In one I remember one problem asked me to implement a hashmap, which wasn’t too hard, and then the second one had to do with some sort of latency prediction thing, where cleanups had to be done after certain numbers of milliseconds. I am afraid I cannot remember the details, but I remember that the second problem was quite difficult.

I suspect I could do much better now (or at least I hope I would), but I have not interviewed for them in like five years.

Qualified to work for Microsoft and qualified to work for Jane Street are entirely different tiers.
At its height, FAANG companies are dishing out > $500k total compensation to engineers.

You would have to be quant analysts themselves to beat that number.
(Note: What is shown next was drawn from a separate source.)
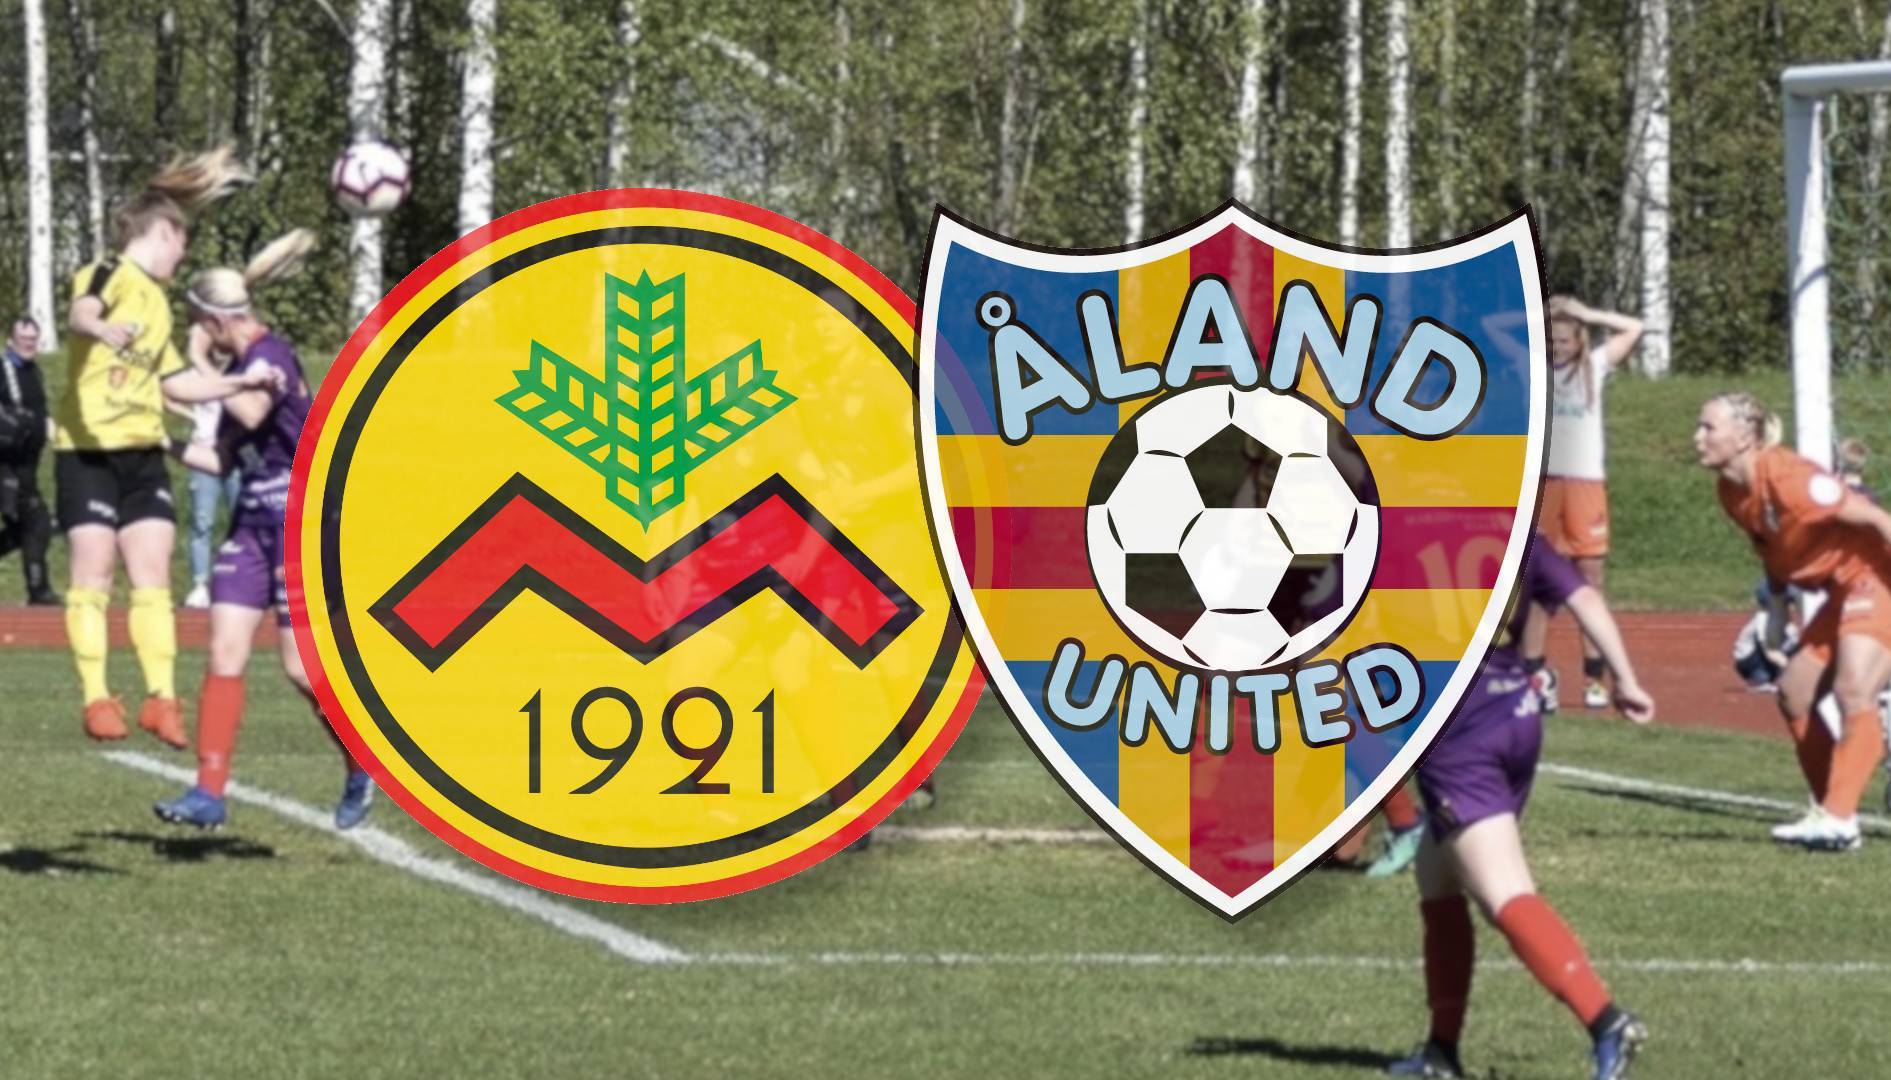 IK Myran och Åland United i samarbete - IK Myran ja Åland United yhteistyöhön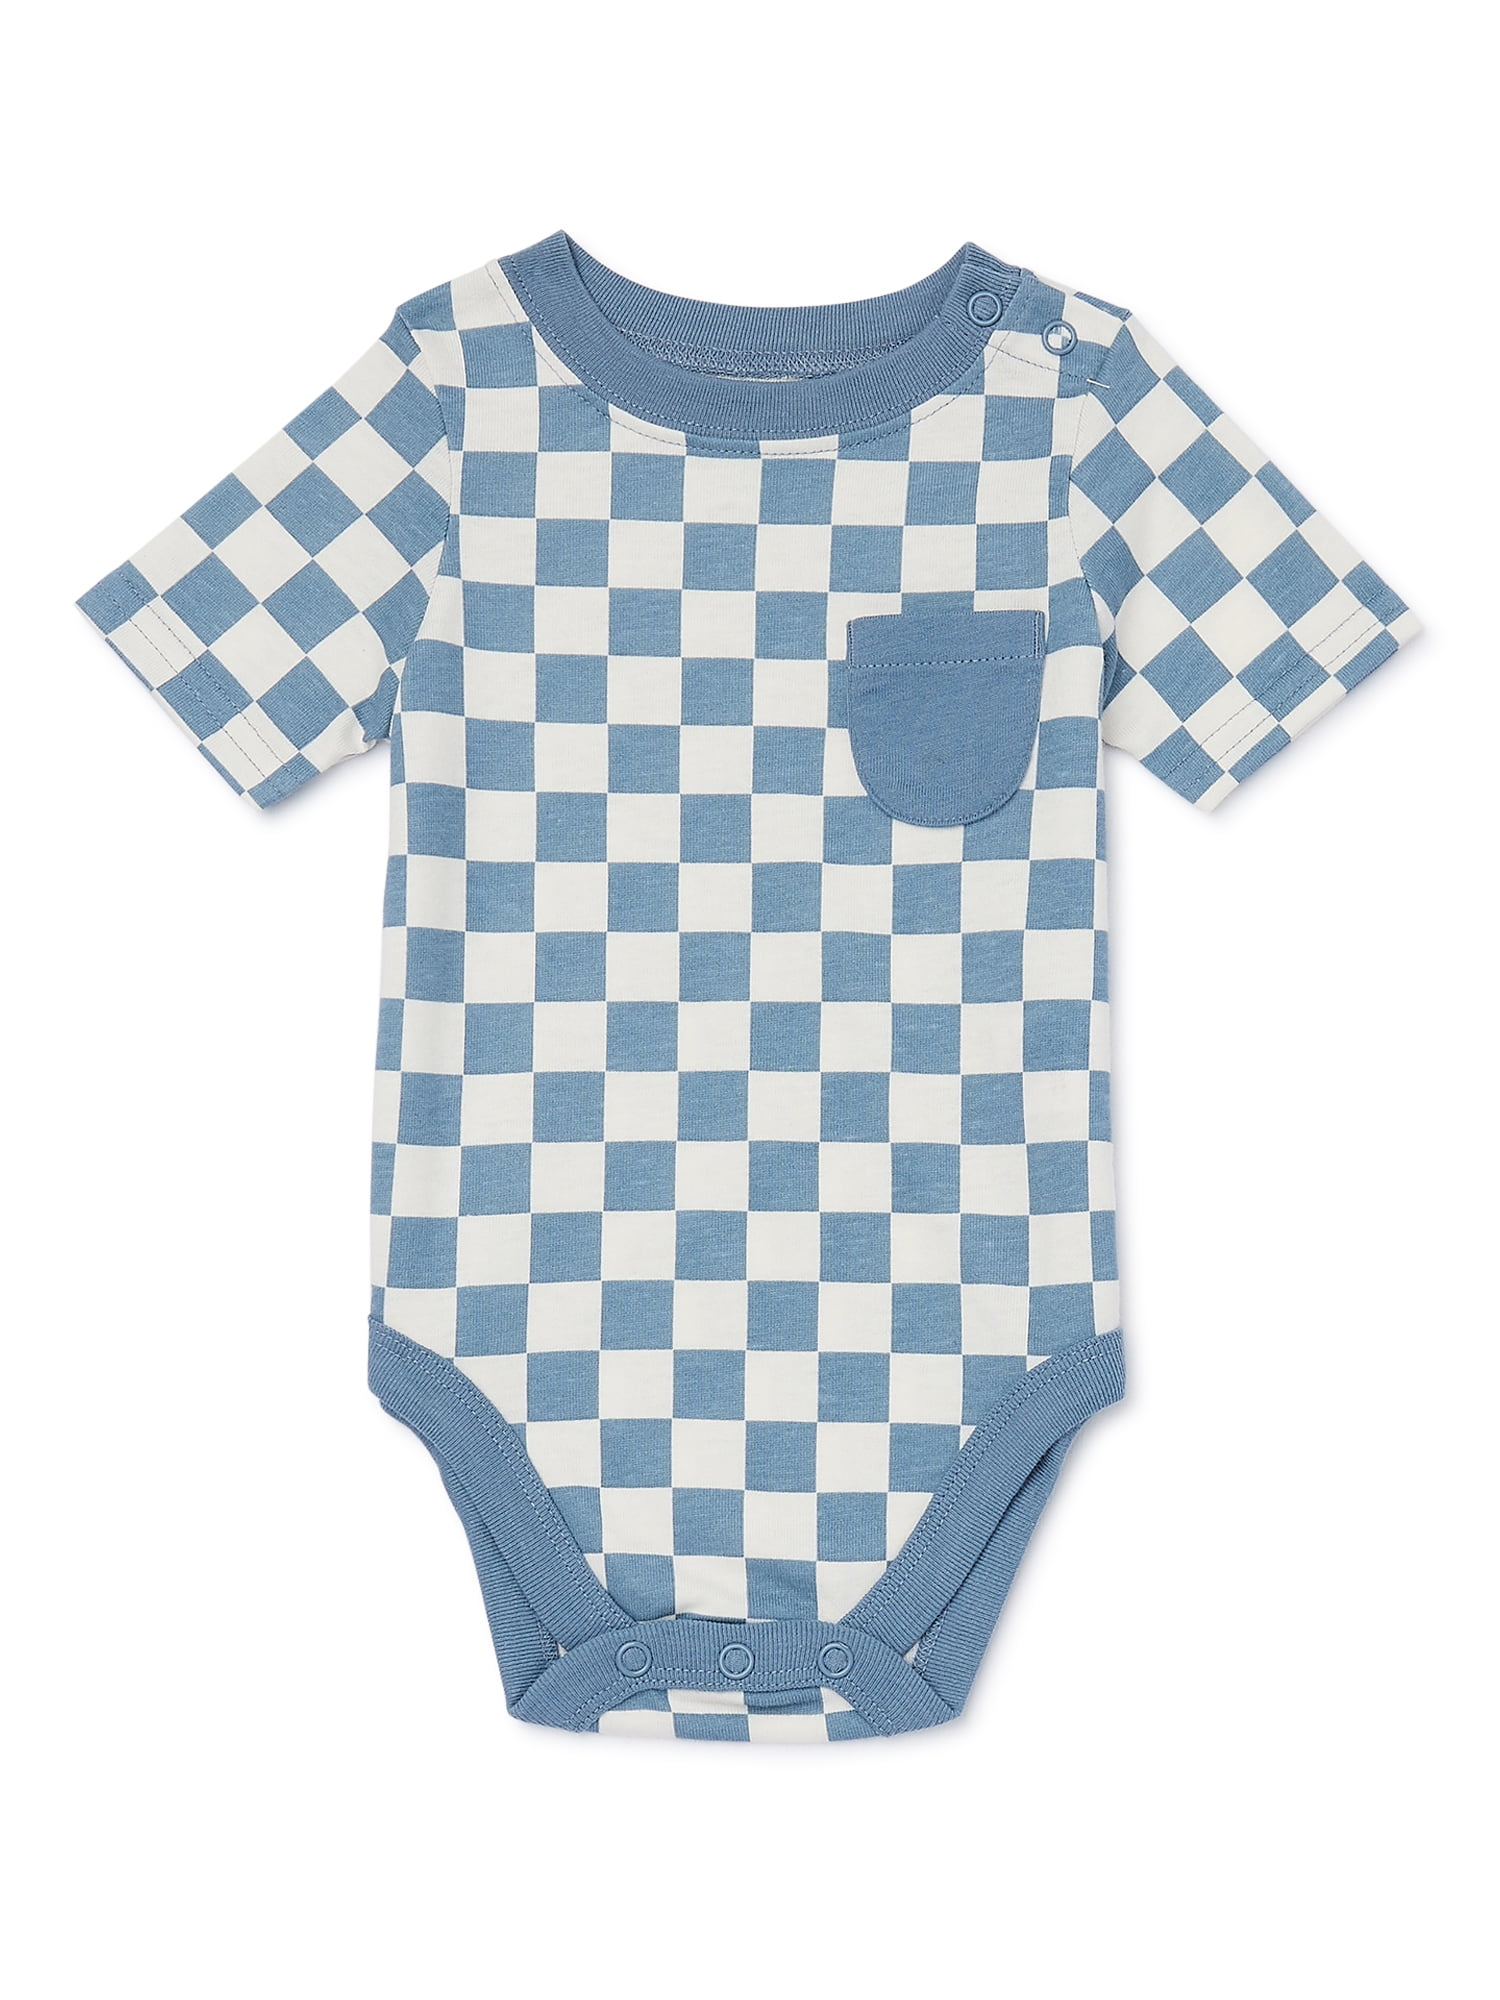 Garanimals Baby Boy Short Sleeve Print Bodysuit, Sizes 0-24 Months

When was its height? Even with stock packages at Apple I was getting closer to $250-$300k/year total comp. This would have been September 2018 until March 2021...
Height was probably something like mid-2021 to early 2022. But note that Apple (broadly, handwaving, obviously subject to stock price fluctuations, offer negotiation, time-in-role, etc.) pays their software engineers less than the other FAANGs. Substantially less than a few of them.
I don't know, I worked at a trading desk of a major bank. All the smartest PhD quant analysts worked from some Siberian village for like $20k/year. Those who really got the dough were the traders in NYC.